The values in the above table are also plotted in the following figure. In this figure, the horizontal axis represents the metastability index and the vertical axis represents the accuracy at test. For each index, the values of the correlations when plotted are compared LEEP: 0.886 and NCE: 0.812 and H-score: 0.858, and OTCE:0.968 and The plotted figure shows that OTCE is a better indicator than the non-OTCE indicators compared to the OTCE. between the metastatic index and the accuracy strong correlation between the metastability index and accuracy.

Next, we present the results of the experiment in Experimental Setting 2. In this experiment, we randomly select 100 target tasks for a given target domain, and For each target task, we prepare four source models that have been pre-trained in other domains.

In this experiment, the source model with the best metastability index for each the highest accuracy when performing the target task.

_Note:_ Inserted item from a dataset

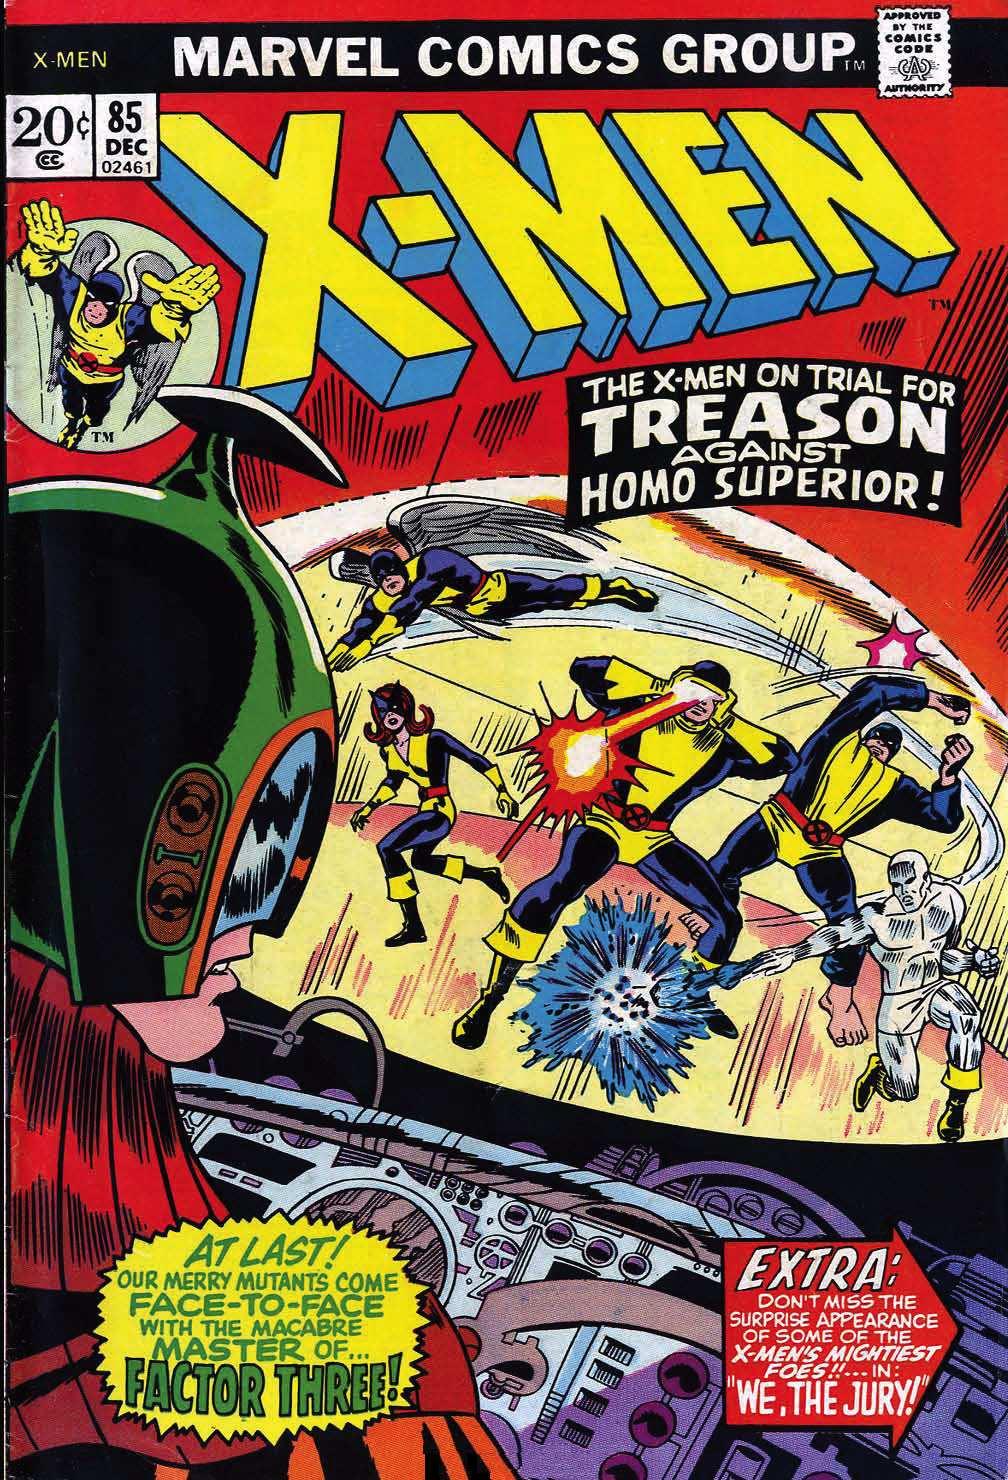 Read online Uncanny X-Men (1963) comic -  Issue #85 - 1

The values in the following table show the prediction success rate (the number of times the source model with the best transferability index was more accurate than the other source models/the total number of trials).

Here, the H-score did not give any meaningful results in this experiment, so comparing the prediction accuracy of OTCE, LEEP, and NCE. in this experiment.
in each index. Comparing the average accuracy of LEEP: 52.2 and NCE: 67.5, and OTCE: 86.4 and It can be confirmed that OTCE is more useful for source model selection than other indices It can be confirmed that OTCE is more useful for source model selection than

summary

In this paper, we considered the problem of estimating metastability in the general setting of cross-domain cross-task transition learning.
The proposed OTCE characterizes metastability based on domain and task differences and compared to other metastability measures (LEEP, NCE, H-score). compared to other metastability indices (LEEP, NCE, H-score), and was found to be suitable for capturing metastability in a cross-domain cross-task setting.
It was also shown that the OTCE is useful for selecting source models, and we felt that it is an index with various possible applications in the future.